My arrival to the Hampton Court Palace where the king resides with his queen and court is no different. It is a sunshine-filled day, and nobles swarm over the greens, most oblivious to my quiet entrance as I should like them to be. It is inevitable that some women’s eyes linger upon me, and I can guess their process of thought. The first is the wonderment if I am who they think I am, the second is the realization that I am and therefore something is about to occur. The third is most certainly the bleakest: Who is to die within the fortnight?
It is not usually the women I have to worry about noticing me, however. I provide services most often to them, and in return, they protect me from any possible suspicion falling upon my head. The same is true for the noblewoman I have come to serve. In exchange for my aid in ridding her of a pest, she will ensure I am safe and no one suspects a thing. She has arranged my quiet arrival, to which I am thankful, for it is far easier to ride into a village and leave than it is to attempt coming into the royal palace without being questioned why I am there.

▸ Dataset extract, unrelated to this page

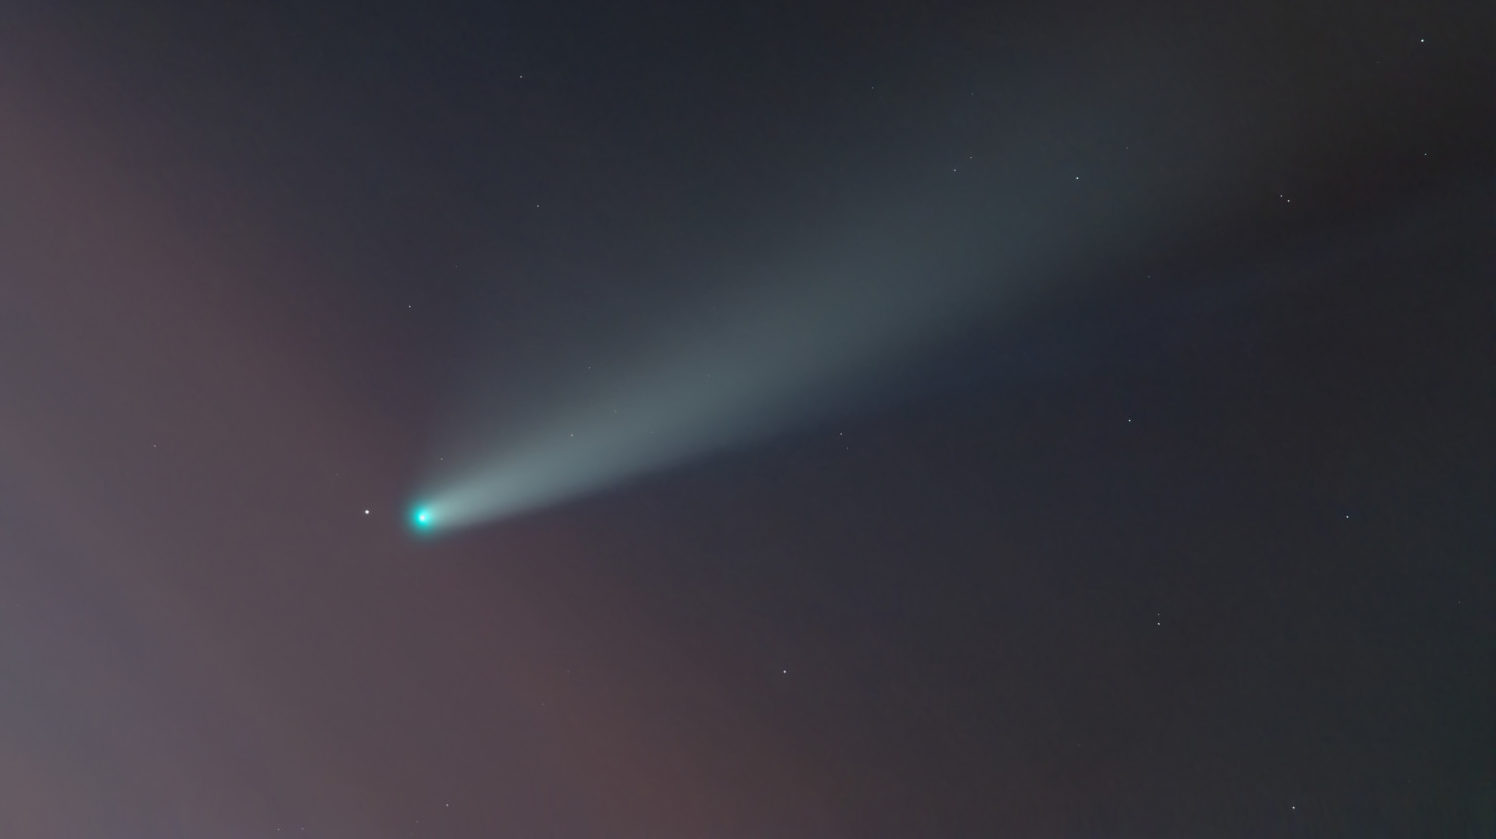 Green comet C in night sky

The court bustles around me as I am escorted through the gates by a maid. I have heard of the beauties of this palace, but no accounts compare to it in real life. Imposing walls arch over my head, stark against a sapphire sky, and it is easy to see how this is fit to be the home of a king. As the maid shows me through the halls, I take a moment to breathe in my new surroundings. Such a shame that a beautiful place is so full of dangers that stalk its halls. Beautifully carved wood arches overhead, holding white walls hung with paintings of the monarchs of old and new, of stunning landscapes and other revered figures.

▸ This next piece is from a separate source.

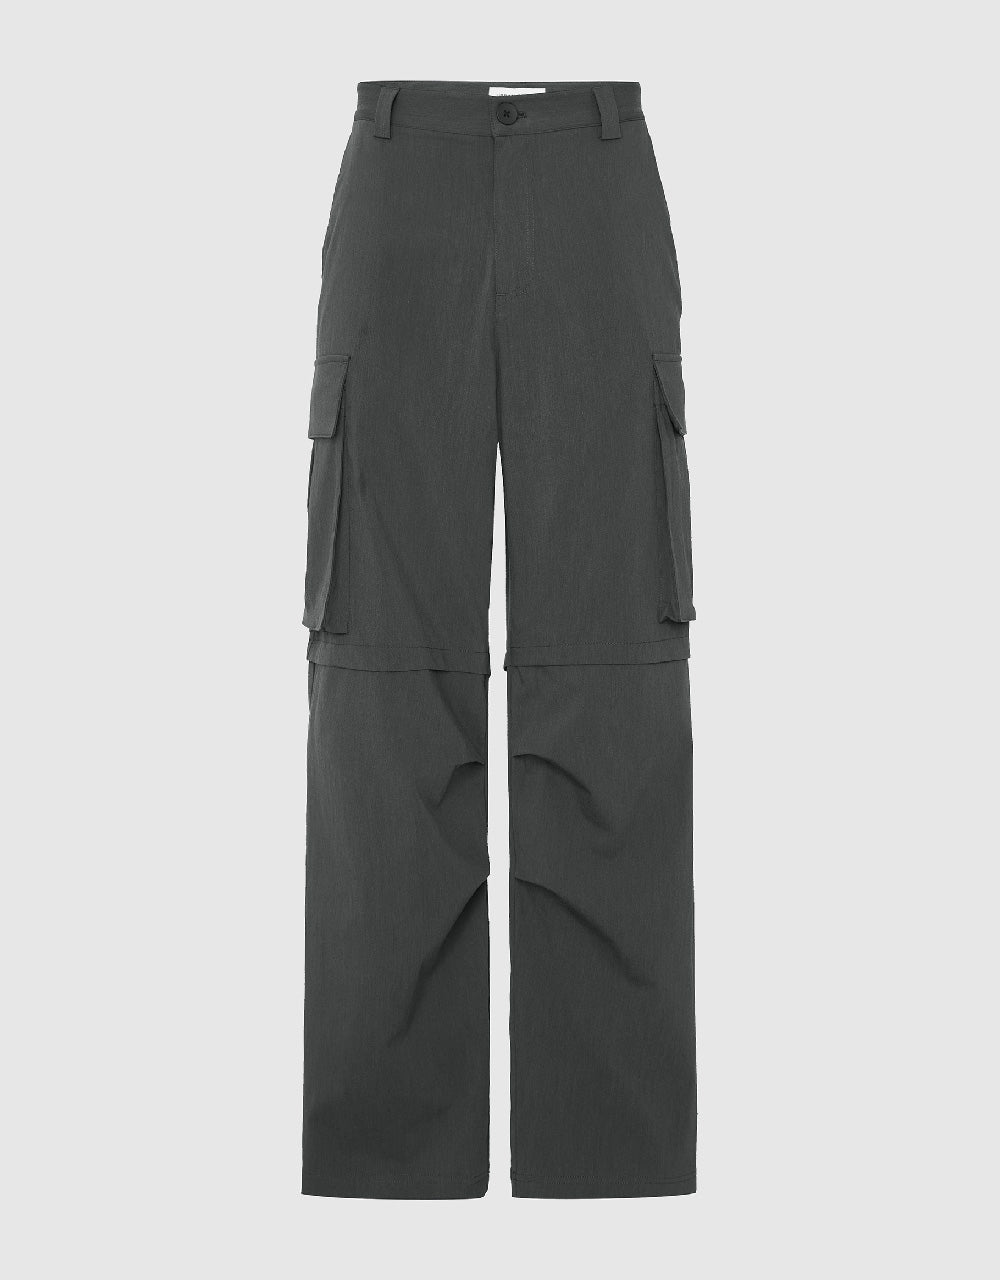 Multi-Pocket Straight Pants

“Thank you,” are my quiet words to the girl as she shows me to a guest chamber, where some of my dresses have already been unpacked and readied for me. I am to greet the queen in just a few hours, and I must look presentable to her. Before I do so, I have one other meeting, a far more important one I dare say.
“Lady Windsor.” The smooth voice sounds at the entry of the chamber, hardly a moment after the maid has parted. “The queen bids me welcome you to the palace. I come bringing a gift.” A clever ruse. If anyone should ask, she only needs to mention the queen. It’s common for ladies-in-waiting to give gifts on the queen’s behalf to new guests.
“Lady Willoughby,” I reply swiftly, an invitation for her to step in and close the door. She does so in a swirl of deep green, placing a book on the chair before shutting the doors. I eye the gift she has brought, curious as to what it is. “Please give Her Highness my gratitude.”
Lady Willoughby is a woman of fair complexation, with a hint of brilliant red hair peeking out from underneath her hat. She is a quiet-spoken woman, though I gain the sense that she is a firm woman. Not much will slip by her. She is the beauty I have heard about, and I am curious to see if it is true that all of Queen Katharine’s women are as beautiful. I was but a babe nursing at my mother’s breast when Queen Katharine wedded King Henry, but growing up, I heard many stories about her, including her bravery on the front lines of the war. It is to be expected, though, considering her parentage.
“There is much to be discussed in such a short time,” I offer to her, and move to the chairs set in the center of the room. “Come. Tell me why you have asked for my services. I surely would not have journeyed out all this way without knowing more, except for an important lady as yourself.” She takes my invitation to sit, and I see the slight dart of her eyes about. “What is troubling you?”
“A suitor,” she finally utters. A sigh is drawn from her rosy lips. “He has begged again and again to court me, but my heart belongs to another. I would not normally ask such a service, but I fear he may become forceful in his pursuit of my hand.” Ah. There it is. “If he is to do such a thing, my chances of a good marriage are ruined, and surely the man I love will be forced to reject me as well. I should be lucky if Her Highness kept me on.”
That is the tragedy of being a woman in a man’s world.